Happy birthday, Paul Sand (Paul Sanchez, b. 1932). I became intrigued by this massive 1974 TV Guide spread. I recognized the face, but not the name, and certainly not the show they were hyping, which was called Friends and Lovers. It turns out there’s a “there” there, and it’s a heck of a there.
Sand is nearly as “inner circle Second City” as it is possible to be. As a kid in Santa Monica he studied and performed with Viola Spolin, inventor of theatre games and mother of Second City founder Paul Sills. Paul Sand and Paul Sills must have gotten confused with each other many times over the years! When Sills founded Second City in Chicago circa 1960, Sand was one of the founding members. When Second City brought a revue to Broadway in 1961, Sand was in the cast, along with Alan Arkin and Barbara Harris.
In 1966 Sand starred in the off-Broadway revue The Mad Show with Joanne Worley and Linda Lavin, went in as a sub in the original Broadway production of Neil Simon’s The Star Spangled Girl, and had a role on Bewitched. He won a Tony for his work in the Broadway production of Paul Sills’ Story Theatre (1970-71). This led to a memorable guest shot on The Mary Tyler Moore Show (1970) and several appearances on The Carol Burnett Show (1972-74). Those last two were likely among the many places you’ve seen him, that is, if you do indeed recognize him. He was also in the movies The Hot Rock (1972) and The Second Coming of Suzanne (1974).

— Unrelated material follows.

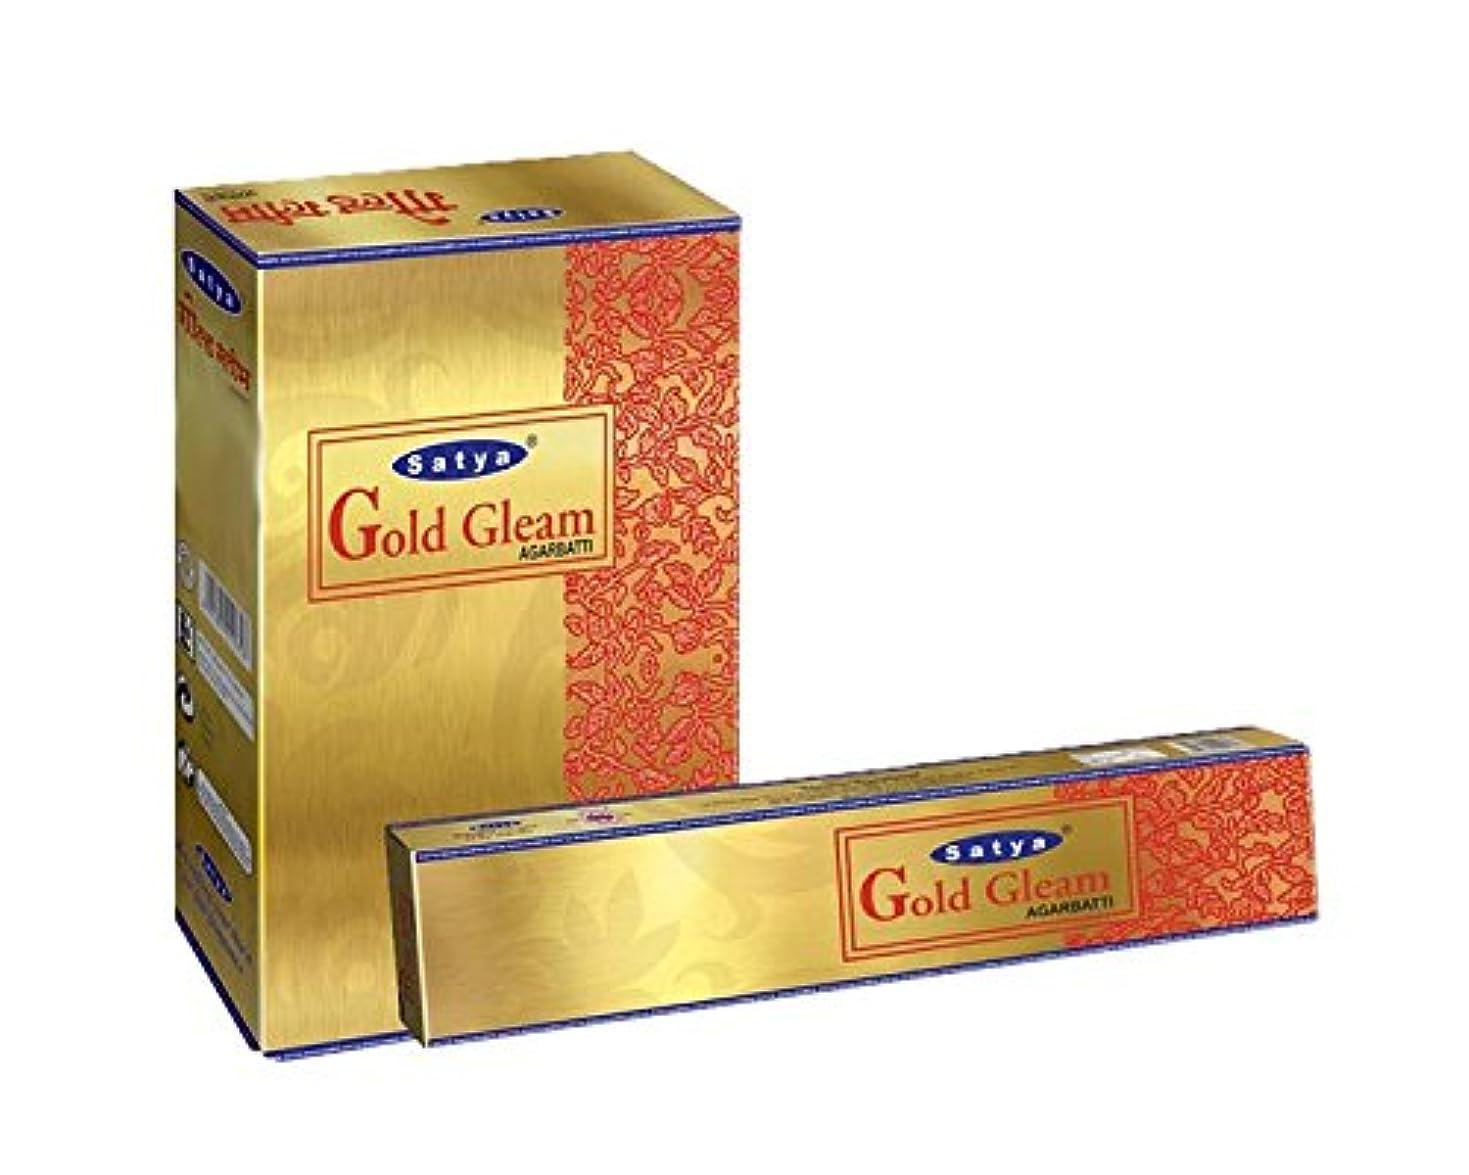 製品幸運な活性化するSatyaゴールドGleam Incense Sticksボックス240 gmsボックス

In 1974, MTM Enterprises devised a new sitcom for him to star in, headed up by James L. Brooks and Allan Burns. Friends and Lovers featured Sand as a shy, self-deprecating double bass player with a Boston symphony orchestra. Also in the cast were Michael Pataki, Penny Marshall, Steve Landesberg, and Jack Gilford. The plots (much like on The Mary Tyler Moore Show) show were about Sand’s dating travails, as he gets harrassed and advised by his brother (Pataki) and sister-in-law (Marshall.)
The show only last 15 episodes. Even more surprising, it flopped despite getting the very best slot in the weekly schedule, following All in the Family. And MTM was a hit factory which until then could do no wrong. The consensus was that the show, while not bad, was simply lackluster, disappointing. I had a look at the credit sequence on Youtube; even the credit sequence is not compelling. I saw an interview with Burns in which he plausibly gives as the reason, the fact that the MTM staff was spread too thin at the time. In 1974 they were already juggling The Mary Tyler Moore Show, The Bob Newhart Show, Rhoda and The Texas Wheelers. Phyllis, Doc, The Bob Crane Show, and The Tony Randall Show would soon follow. Seems like Friends and Lovers was churned out in a somewhat perfunctory manner in the midst of all that, though the cast was probably great. (At this writing it’s not accessible)
When the show tanked, Sand hardly disappeared. He merely became ubiquitous. He was on Wonder Woman, The Love Boat, Supertrain, Taxi, Laverne and Shirley, Alice, Trapper John MD, St Elsewhere, Magnum PI etc etc. and the occasional movie like The Main Event (1979), Wholly Moses! (1980), and that Village People/ Nancy Walker masterwork Can’t Stop the Music (1980). His most recent credit is from 2015.